Edwin Muir
(1887–1959)
Edwin Muir (1887–1959): Scottish poet, novelist, critic; translator (with his wife Willa) of Franz Kafka. TSE was to write to Leonard Woolf on 22 Aug. 1946: ‘I am anxious to do anything I can for Muir because I think highly of his best poetry and I think he has not had enough recognition.’ To Eleanor Hinkley, 25 Dec, 1955: ‘Edwin is a sweet creature, who never says anything when his wife is present, and only an occasional word when she isn’t. An evening alone with him is very fatiguing. But he is a good poet, and I believe, what is even rarer, a literary man of complete integrity. He is not really Scottish, but Orcadian – in other words, pure Scandinavian.’
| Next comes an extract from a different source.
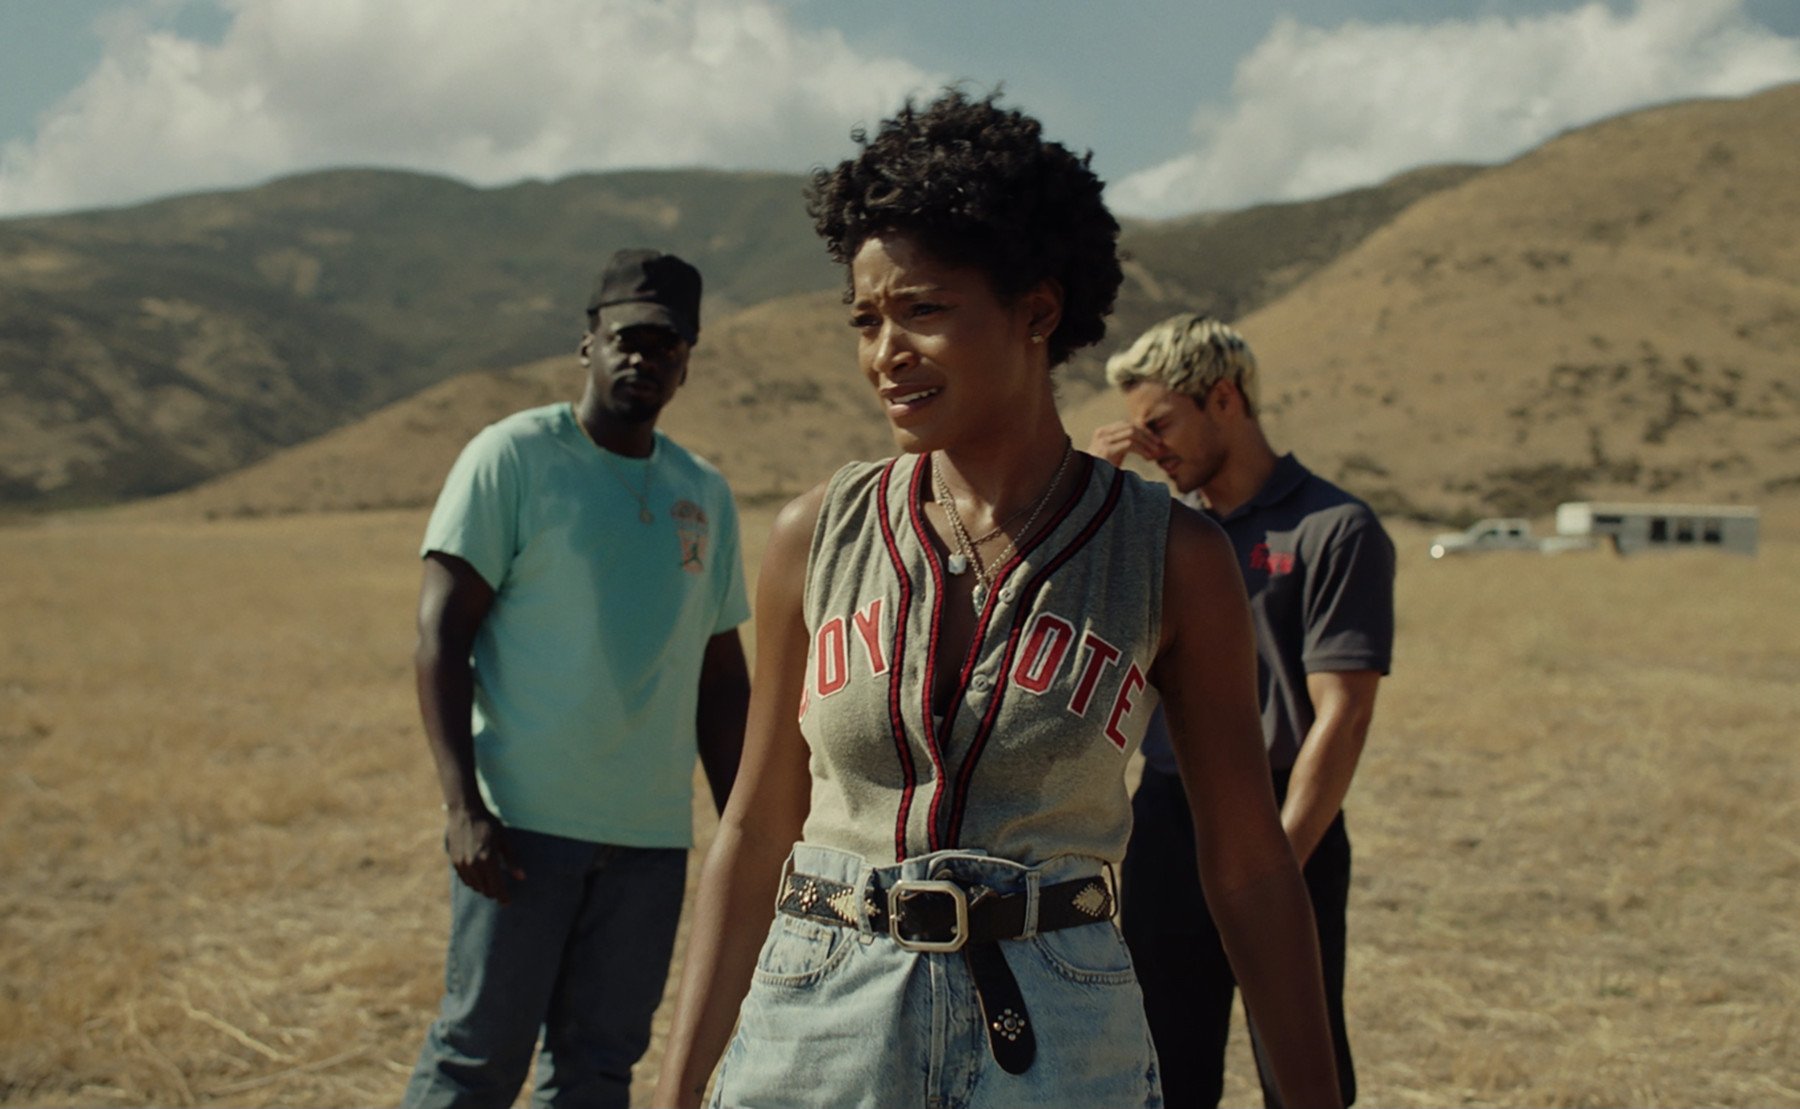 Daniel Kaluuya as OJ Haywood, Keke Palmer as Emerald Haywood, and Brandon Perea as Angel Torres in 'Nope,' which will be available to stream in November 2022. The characters are standing in the middle of a sandy landscape.

On 1 Jan. 1959, when pressing the claims of Muir upon the Royal Literary Fund, TSE wrote to Alan Pryce-Jones: ‘I have a very high opinion indeed of Edwin Muir as a poet, and admire him particularly because his poetry has gone on gaining in strength in later years. And I think that both he and Willa deserve recognition because of their work in translation. It is through them, you remember, that Kafka became known in this country, as they translated, I think, all his novels.’ In a tribute (The Times, 7 Jan. 1959):
Muir’s literary criticism had always seemed to me of the best of our time: after I came to know him, I realised that it owed its excellence not only to his power of intellect and acuteness of sensibility, but to those moral qualities which make us remember him, as you say justly, as ‘in some ways almost a saintly man’. It was more recently that I came to regard his poetry as ranking with the best poetry of our time. As a poet he began late; as a poet he was recognised late; but some of his finest work – perhaps his very finest work – was written when he was already over sixty … For this late development we are reminded of the later poetry of Yeats; and Muir had to struggle with bad health also: but in the one case as in the other (and Muir is by no means unworthy to be mentioned together with Yeats) we recognise a triumph of the human spirit.
Willa Muir commented on TSE’s plaudits: ‘Eliot, in his desire to present Edwin as an orthodox Christian, overdid, I think, the desolations and the saintliness. Edwin’s wine could never be contained in any orthodox creed’ (letter to Kathleen Raine, 7 Apr. 1960).
TSE to Willa Muir, 9 Aug. 1962: ‘I think that Edwin’s collected poems will go on being enjoyed by true poetry lovers as long as the poems of any poet in our century.’ He would later say of Muir: ‘He was a reserved, reticent man … Yet his personality made a deep impression upon me, and especially the impression of one very rare and precious quality … unmistakable integrity’; and of his poems: ‘under the pressure of emotional intensity, and possessed by his vision, he found almost unconsciously the right, the inevitable, way of saying what he wanted to say’ (‘Edwin Muir: 1887–1959: An Appreciation’, The Listener, 28 May 1964, 872).
Muir’s works include An Autobiography (1954); Selected Poems of Edwin Muir, with preface by TSE (1966); Selected Letters of Edwin Muir, ed. P. H. Butter (1974).